Development of a liver tissue organoid

Despite the ability of liver to regenerate from one third its size, little is known about the cellular mechanisms that underpin such an almost limitless potential for regeneration. In vitro culture of cells is often plagued with reductions in cell viability and function, providing limited understanding of regenerative capability outside of in vivo environments. Even in vivo, once sufficient tissue is lost, native regenerative response limits further regeneration capability. Studies using decellularised liver grafts have potential for understanding the mechanisms behind wound healing and repair as well as providing long term evaluation of drug toxicity after seeding due to the native like biological, biochemical and architectural characteristics.
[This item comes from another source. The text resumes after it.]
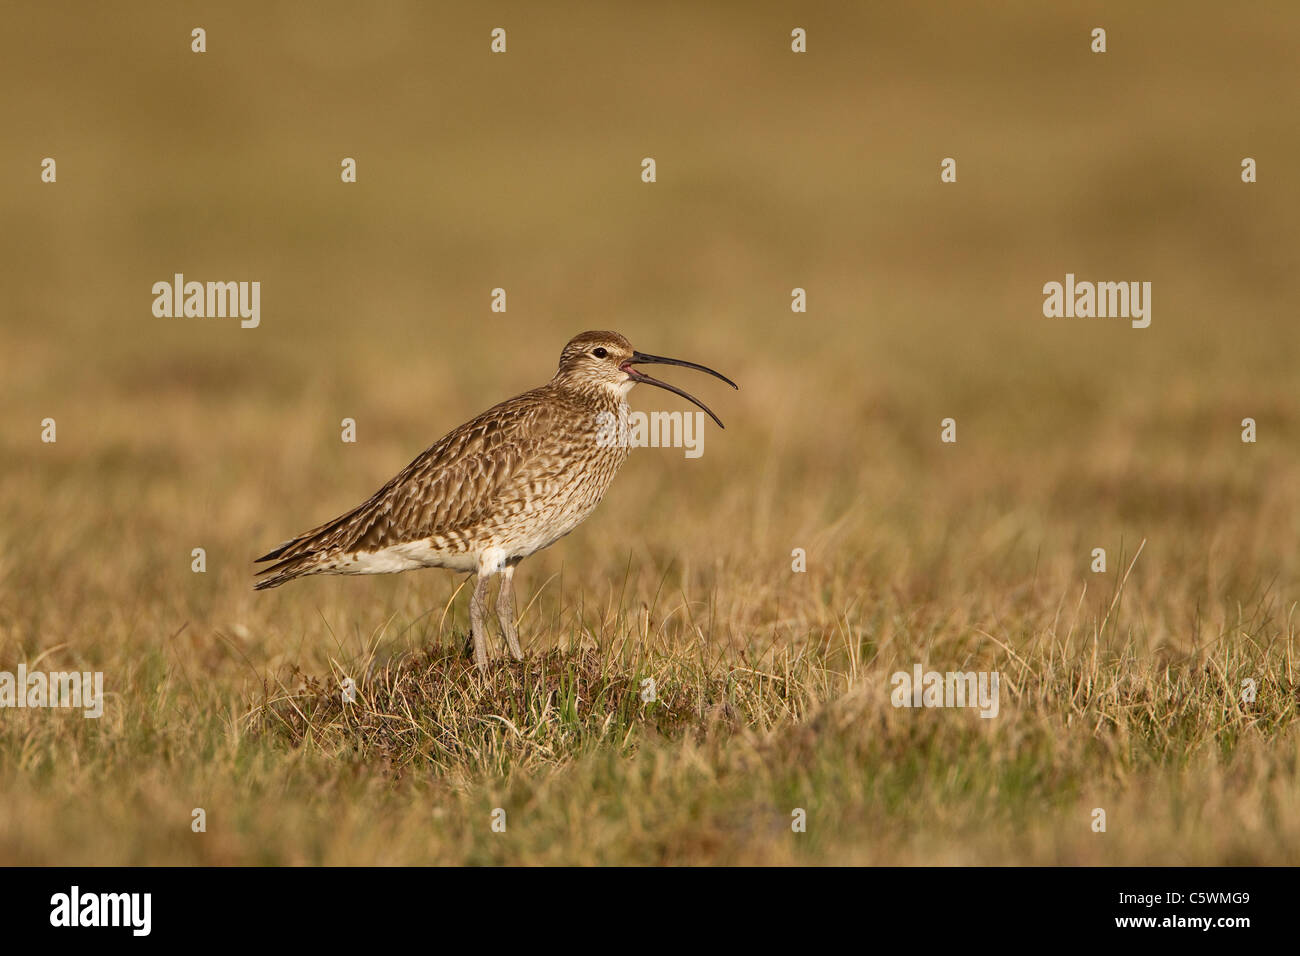 Whimbrel (Numenius phaeopus), adult calling on breeding grounds, Shetland, Scotland, Great Britain. - Stock Image
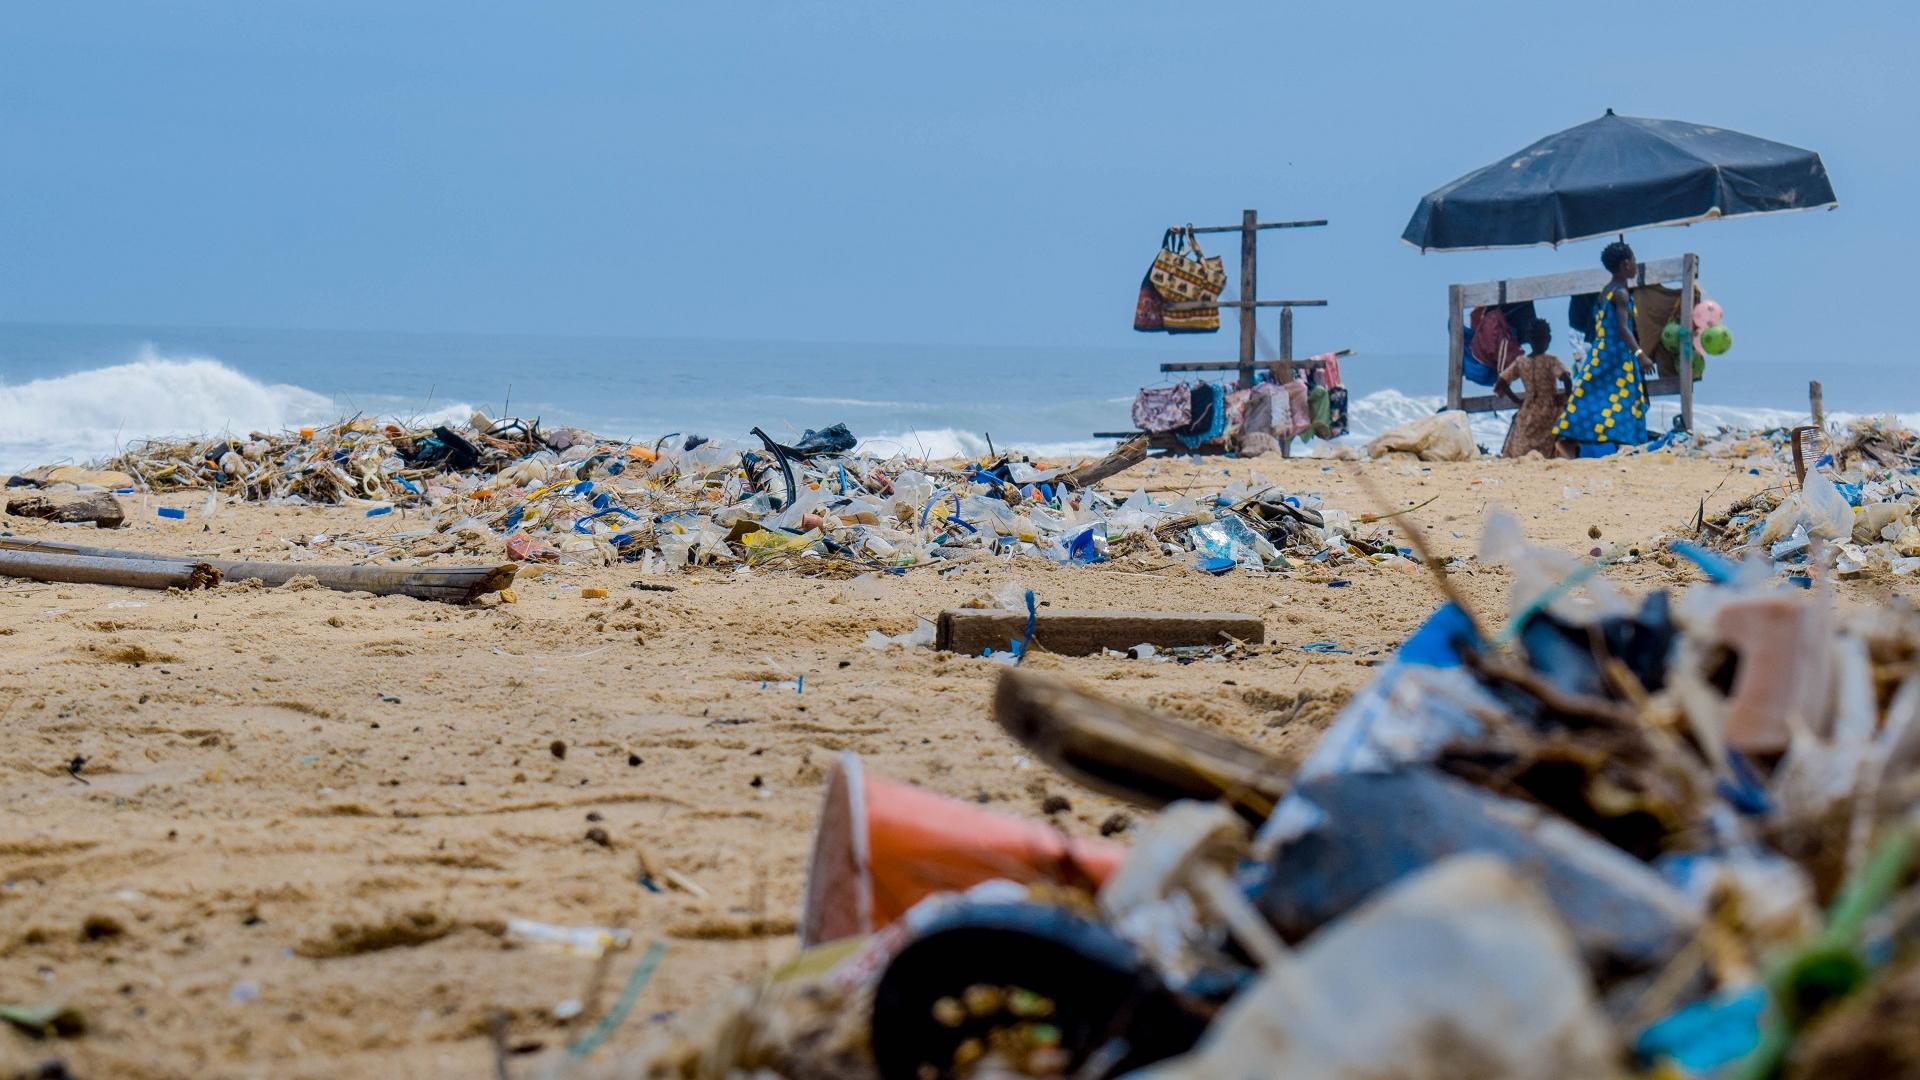 Plastikverschmutzung an einem Strand

This study aimed to develop a decellularised porcine liver scaffold with native histoarchitecture and biochemical composition, based on the Leeds method, that can support and develop current knowledge of cell seeding methods. Combination of hypo-and hyper-tonic buffers, low concentration SDS (0.1%) and nucleases resulted in effective decellularisation of tissue and maintenance of ECM histoarchitecture. One cycle of SDS (0.1%) showed sufficient cellular and nuclear removal from native porcine liver tissue, creating a biocompatible scaffold that retained overall histoarchitecture. Subsequent investigation of seeding methods identified key areas for development including volume of cell suspension for better cell coverage, analysis of seeding time to increase cell attachment, modification of cell density to alter cell attachment and use of dynamic and static culture conditions to maximise cell penetration. HepaRG and Huh7 cells supported cell attachment for up to 28 days culture, and proliferation for up to 14 and 28 days respectively. Furthermore, functional HepaRG were identified even after 28 day culture. Results indicate the potential benefits of HepaRG and/or Huh7 seeded discs in developing understanding of cell repair, regeneration and wound healing, as well as the dysregulation of matrix remodelling after injury.